真剣さと戸惑いが感じられる表情からすると、きっと任務の事だろうと思い、了承の意味を兼ねて腰をずらし隣に一人分座れるスペースを造った。
それにサクヤは安堵の笑みを浮かべてそこに腰を下ろす。
そして言った。
「ツカサはリムの事…どれぐらい知ってる?」
「………?」
"どれぐらい"と聞かれてなんと答えれば良いか分からずにツカサは困惑の表情を浮かべる。
するとそれに察したサクヤは口を開いた。
「じゃあ…リムが薬を飲んでいる事は知ってる?」
「薬?ああ、こないだアイツの部屋からカプセル錠のモノが見つかりましたね。栄養剤かダイエットサプリメントだと思いますけど……」
「そう…」
ツカサの答えにサクヤは顔を俯かせた。
彼女は違う答えを待っていたのかと一瞬だけ思ったが、彼には他に何も思いつかなかった。
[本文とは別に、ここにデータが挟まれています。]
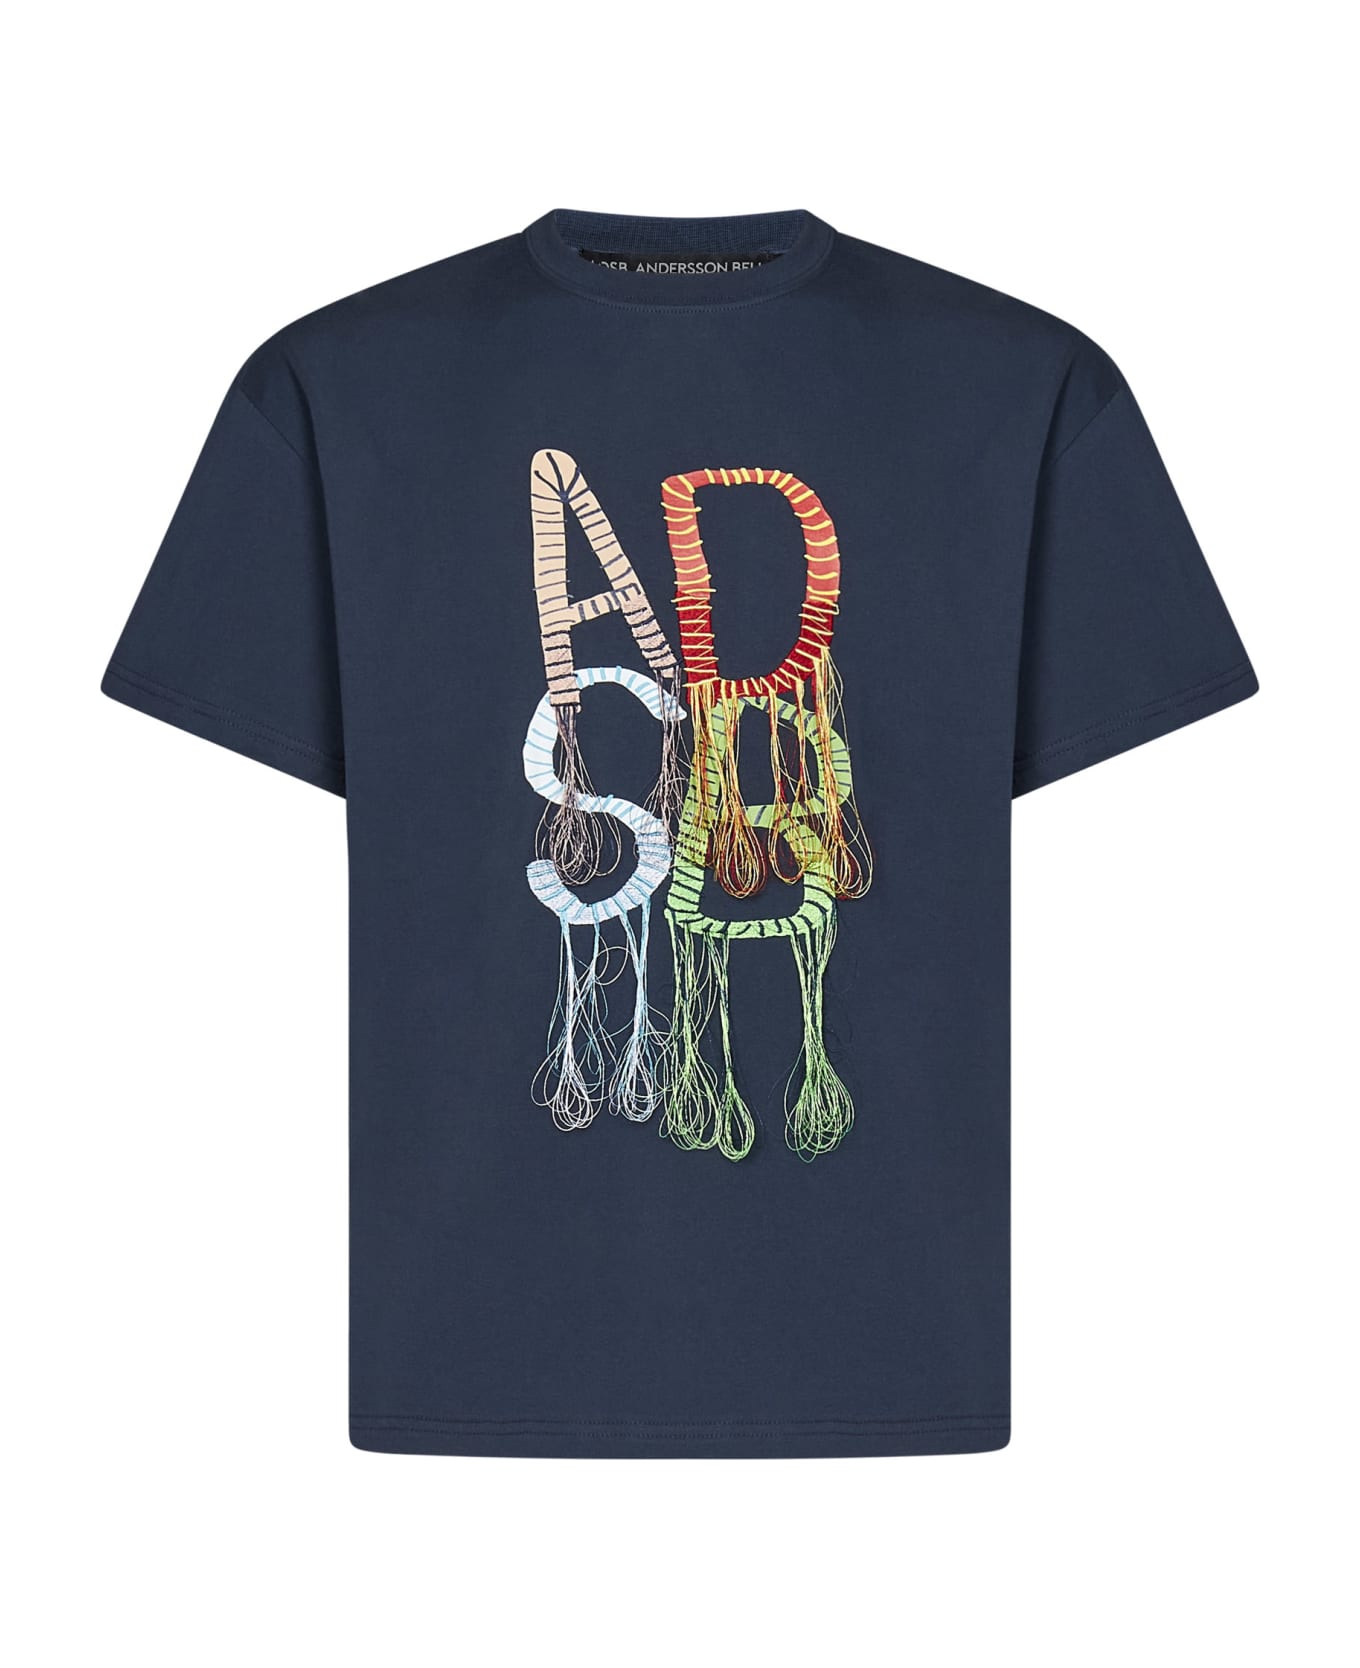 Andersson Bell T-shirt - Blu シャツ

「ならリムの自室…は見たわよね……腕は見た事ある?」
「腕…ですか…」
ツカサは頭の中で最近のリムの姿をいくつか思い浮かべる。
パーカーにミニスカート。
パジャマ。
ホルターにサイハイ。
いくつか思い浮かんだがどれも腕を隠した格好ばかりだ。
リムが神機使いになる前はTシャツや着物、時には下着姿と派手な姿を曝していた覚えはあるが彼が神機使いになってからは彼女の素の腕を見た覚えが無い。
「すいません、覚えてません」
「なんで謝るの?覚えてないならいいわ。変な事聞いてごめんなさいね」
「いえ…別に……」
「今回の任務、一緒に頑張りましょうね。お兄ちゃんが頑張ってやらないと参加出来なかったリムに申し訳無いわよ?」
突然話を切り替えたサクヤにツカサは取り敢えず「はい」とだけ返事を返した。
確かにあの様子だと、リムは腕輪の回収と腕輪の持ち主であるリンドウという人間の敵討ちをしたかったんだとツカサは思った。
しかしこの考えが的を大きく外している事など、今のツカサには知る由も無かった。